Bovine single chain Fv antibody inhibits bovine herpesvirus-1 infectivity by targeting viral glycoprotein D

  • Jian Xu
  • Jing Wu
  • Bo Jiang
  • Houjun He
  • Xixi Zhang
  • Xiaoyang Li
  • Dawei Yang
  • Xiufen Huang
  • Joshua E. Sealy
  • Munir Iqbal
  • Yongqing LiEmail author
Biotechnological products and process engineering

Abstract

Glycoprotein D (gD) of bovine herpesvirus-1 (BoHV-1) is essential for attachment and penetration of cells during infection and is a major target for neutralizing antibodies during an adaptive immune response. Currently there are no recombinant antibodies capable of binding gD epitopes for use in treating BoHV-1 infection. In this study, a bovine scFv gene derived from a hybridoma secreting monoclonal antibodies (McAbs) against the amino acid motif MEESKGYEPP of gD was expressed in E. coli. Molecular modeling, western blot and ELISA analysis showed that this scFv had a high affinity for BoHV-1 gD, with a Kd of 161.2 ± 37.58 nM and for whole BoHV-1 virus, with a Kd of 67.44 ± 16.99 nM. In addition, this scFv displayed a high affinity for BoHV-1 antigen in an ELISA and competed with BoHV-1 anti-serum in a competitive ELISA. Immunofluorescence assay (IFA) and laser confocal microscopy showed that this scFv could efficiently bind to and be internalized by BoHV-1 infected Madin-Darby bovine kidney (MDBK) cells. Importantly, this scFv was shown to inhibit BoHV-1 infectivity and to reduce the number of viral plaques by blocking viral attachment to MDBK cells. Our study suggests that this bovine single-chain antibody could be developed for use as a diagnostic and therapeutic agent against BoHV-1 infection in cattle.

Keywords

Bovine herpesvirus-1 Single chain Fv antibody Glycoprotein D Neutralizing epitope Binding affinity Blocking viral attachment Virus neutralization 

Notes

Funding

This work was supported by a grant from The National Key Project of Research and Development Program of China (Grant No. 2016YFD0500900), funding from Beijing Innovation Team of Technology System in Dairy Industry (award no. bjcystx-ny-3) and the Special Program on Science and Technology Innovation Capacity Building of BAAFS (award no. KJCX20170406).

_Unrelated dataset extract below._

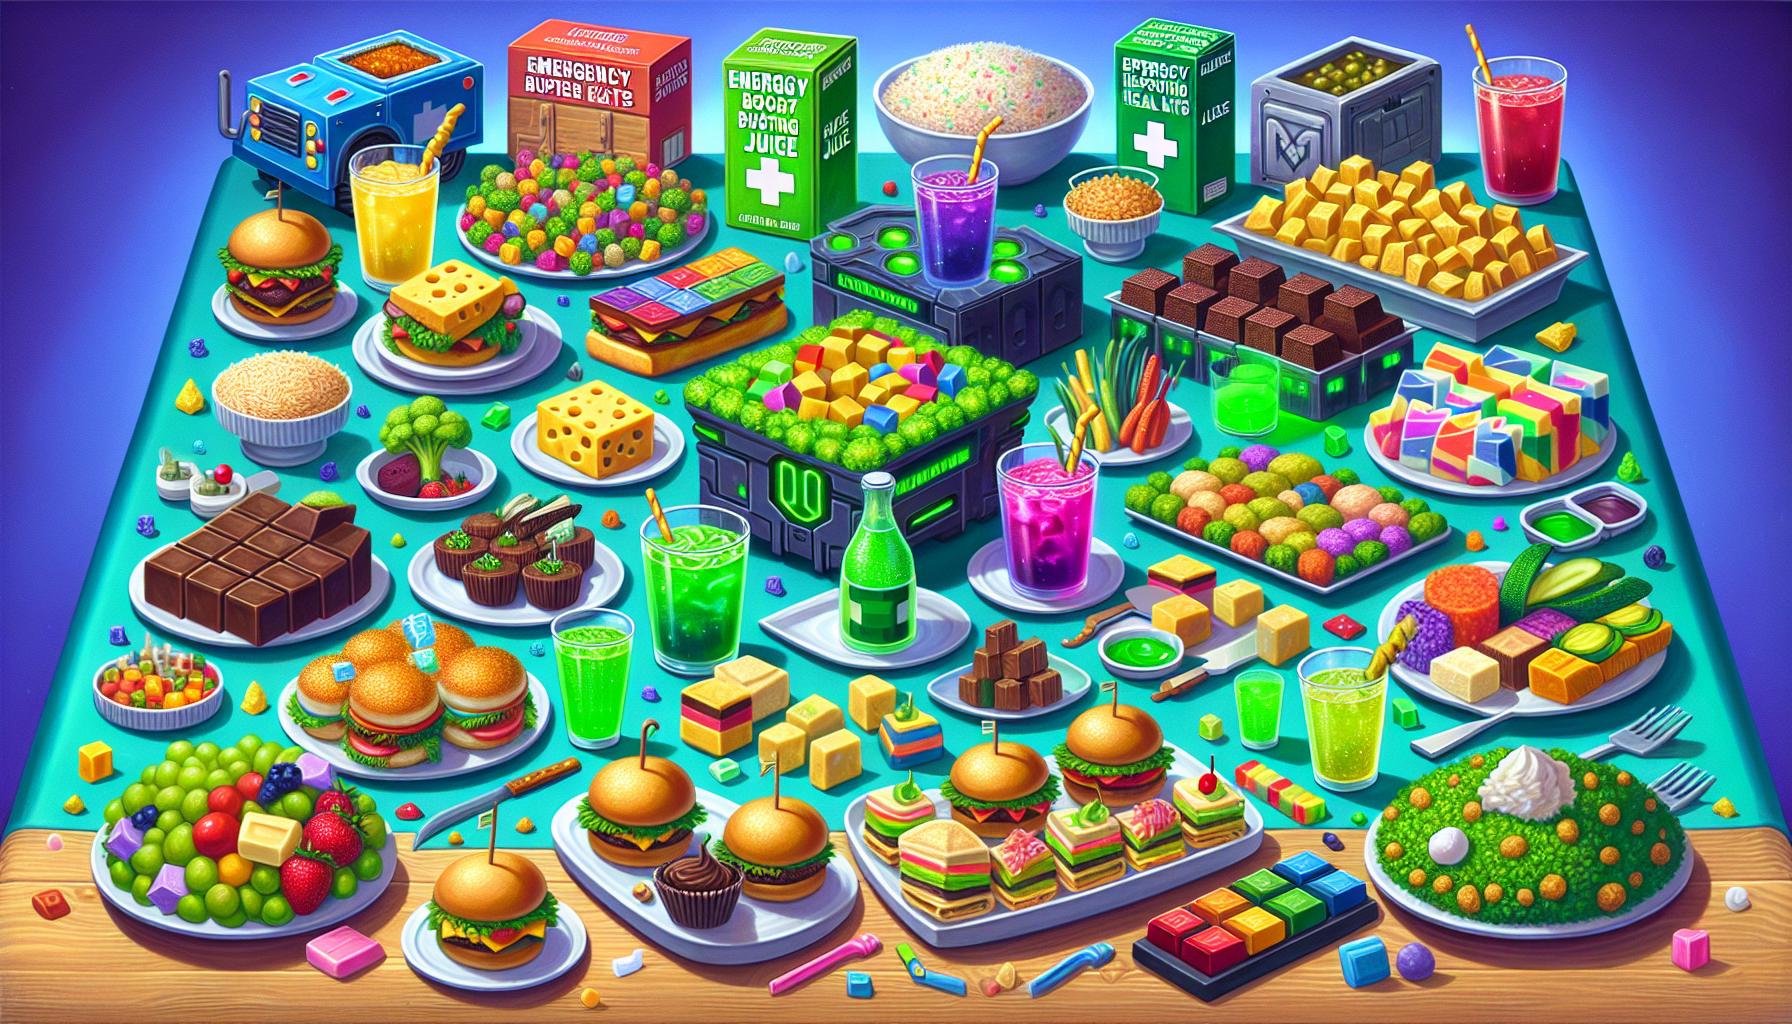 Top Fortnite Party Food Ideas: Snacks & Beverages for Gamers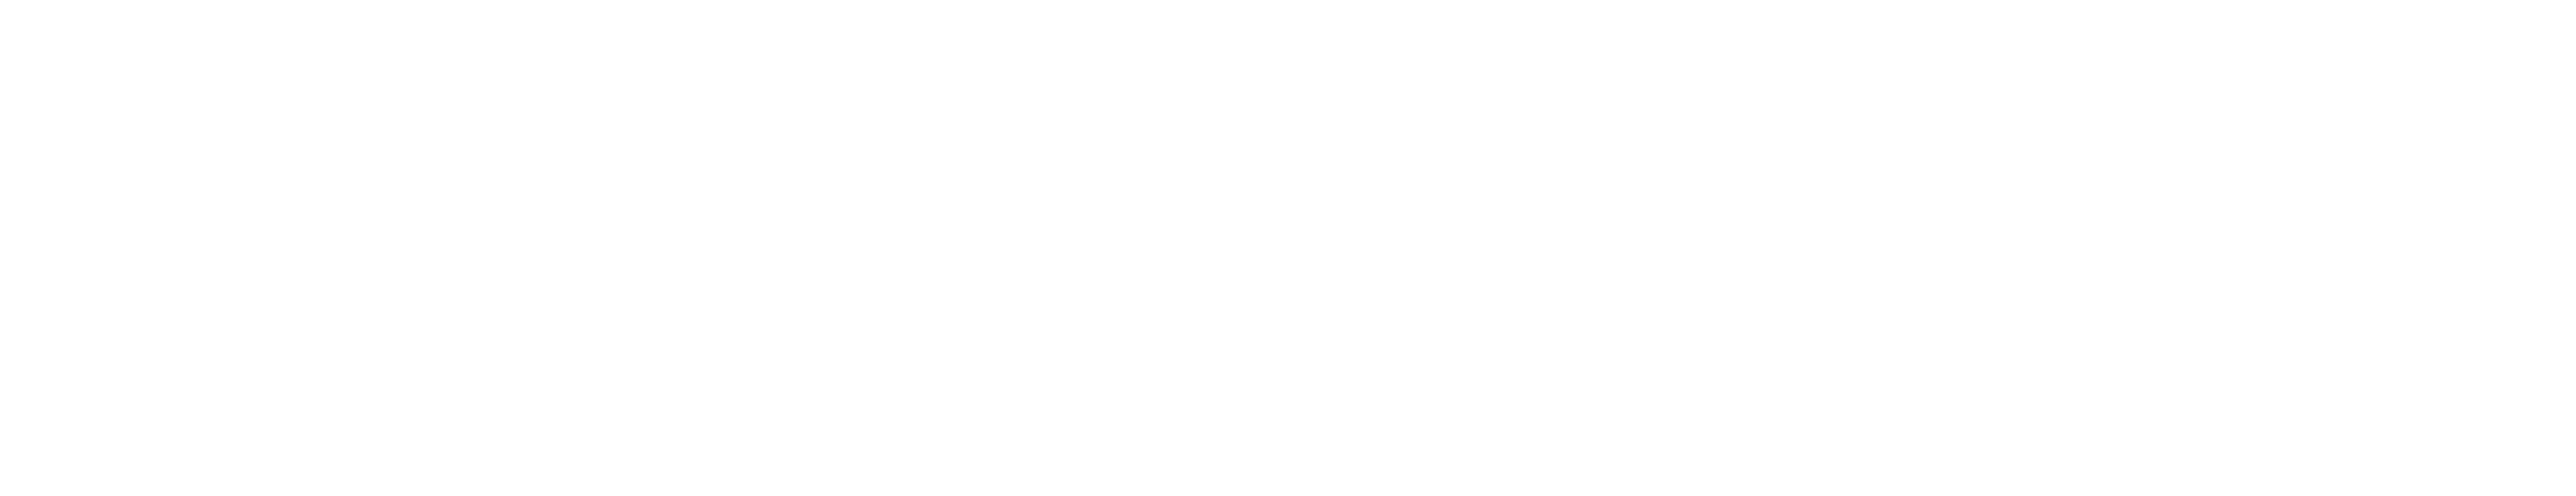 Beautiful Motion Pictures - MAKEit MADEit Conference

Compliance with ethical standards

Conflict of interest

The authors declare that they have no conflict of interest.

Ethical approval

All animal research was approved by the Beijing Association for Science and Technology (approval ID SYXK (Beijing) 2007-0023) and was in compliance with Beijing Laboratory Animal Welfare and Ethics guidelines as issued by the Beijing Administration Committee of Laboratory Animals. All animal studies were also performed in accordance with the Beijing Academy of Agricultural and Forestry Sciences Institutional Animal Care and Use Committee guidelines. The protocol was approved by the Committee on Experimental Animal Management of Beijing Academy of Agricultural and Forestry Sciences.

Supplementary material

253_2017_8566_MOESM1_ESM.pdf (187 kb)
ESM 1 (PDF 186 kb)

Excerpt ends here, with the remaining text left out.